In a Probability book by Karr, the Indicator random variable is defined as follows:
Indicator random variable. The indicator function of an event A is a random variable: for each B,
{$1_A\le t$} = $\begin{cases} \emptyset & \mbox{if 0 $\notin$ B, 1$\notin$ B} \\ A^c & \mbox{if 0 $\in$ B, 1$\notin$ B} \\ A & \mbox{if 0 $\notin$ B, 1$\in$ B} \\ \Omega & \mbox{if 0 $\in$ B, 1$\in$ B,} \end{cases}$
and in each case {$1_A\le t$} $\in \mathcal{F}$. Conversely, if A is subset of $\Omega$ such that $1_A$ is a random variable, then since A = {$1_A = 1$}, A is an event.

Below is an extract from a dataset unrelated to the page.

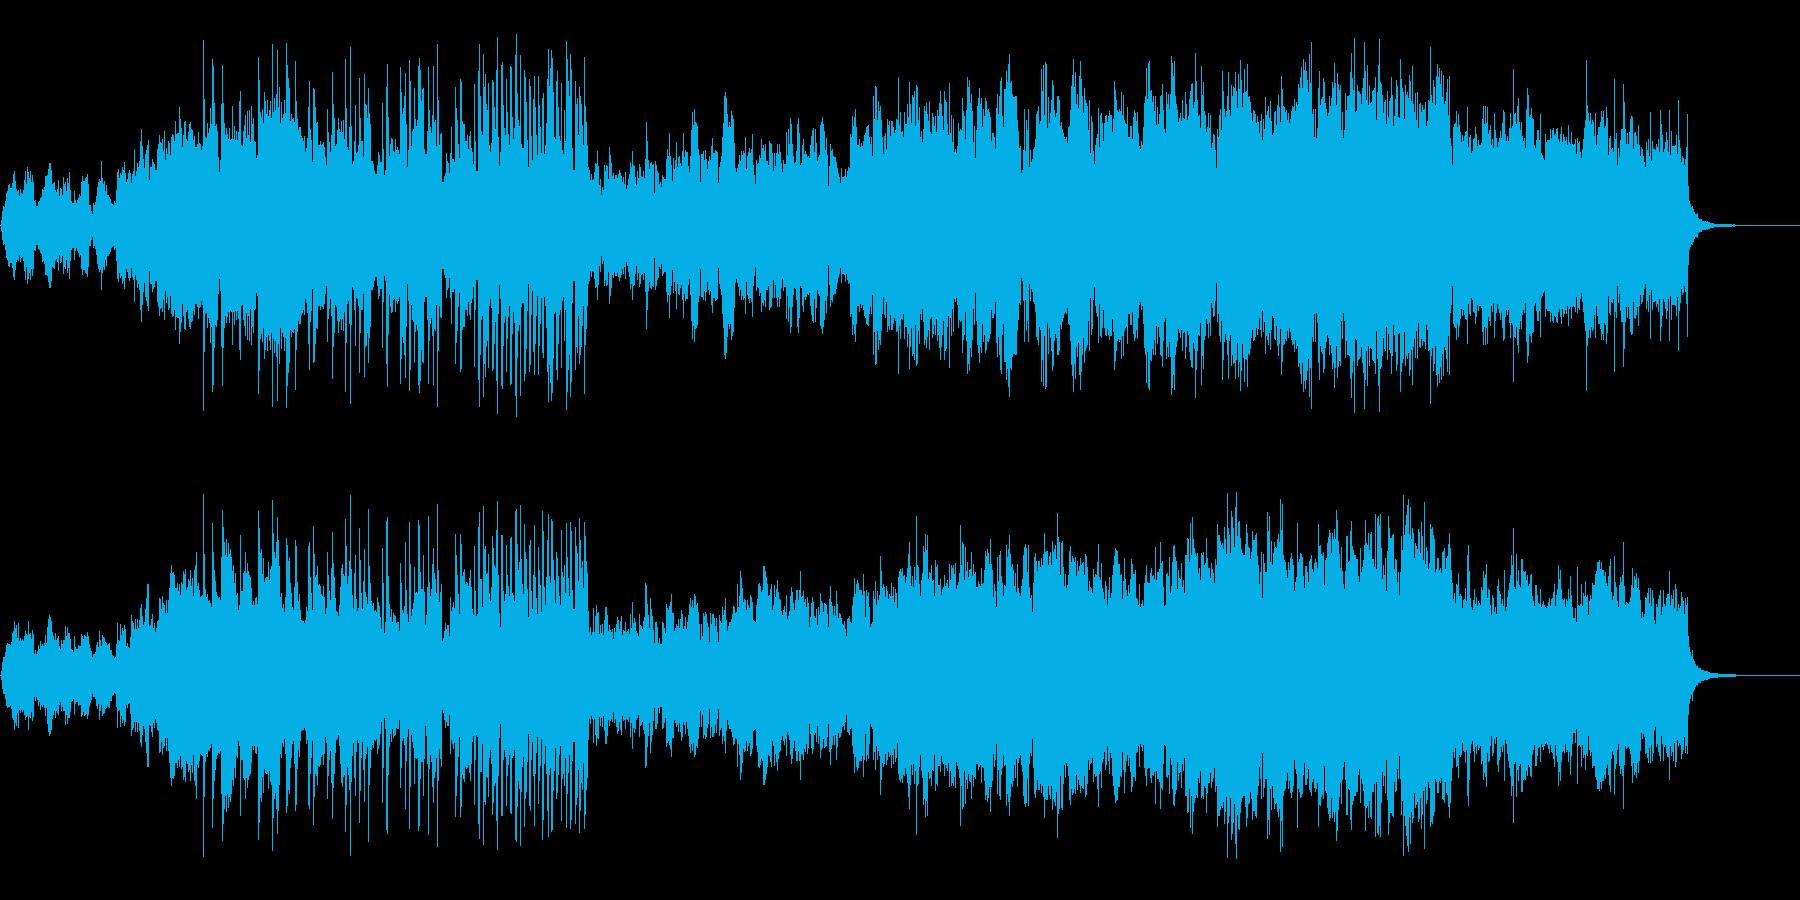 バイオリンとフルートの優しいバラードの再生済みの波形

Thus, indicator functions link events and random variables.

In my lecture notes, this is defined differently as follows:
Random indicators. For an event $A\in\mathcal{F}$, {$1_A\le t$} = $\begin{cases} \emptyset, & \mbox{$t<0$,} \\ A^c, & \mbox{$0\le t<1$,} \\ \Omega, & \mbox{$t\ge 1$.} \end{cases}$

I am not sure about the differences and the intuition behind them. For the textbook one, why in there is no $t$ in the description of the function, only B appears.
Any detailed explanations for each case (textbook and lecture notes) are greatly appreciated.

Answer 1

Let me suggest to squarely forget these so-called definitions and to stick to the following, more canonical, version:

In a reference set $\Omega$, for every $A\subseteq\Omega$, the function $\mathbf 1_A:\Omega\to\mathbb R$ is defined by $\mathbf 1_A(\omega)=1$ if $\omega\in A$ and $\mathbf 1_A(\omega)=0$ if $\omega\in\Omega\setminus A$.

When the space $\Omega$ is measurable, that is, when one is given a sigma-algebra $\mathcal F$ on $\Omega$, then $\mathbf 1_A$ is measurable if and only if $A$ is in $\mathcal F$, as is easily seen since $A=(\mathbf 1_A)^{-1}(\{1\})$.

The function $\mathbf 1_A$ is often called the indicator function of the set $A$ by probabilists, its characteristic function by analysts, and it is also denoted by $\chi_A$.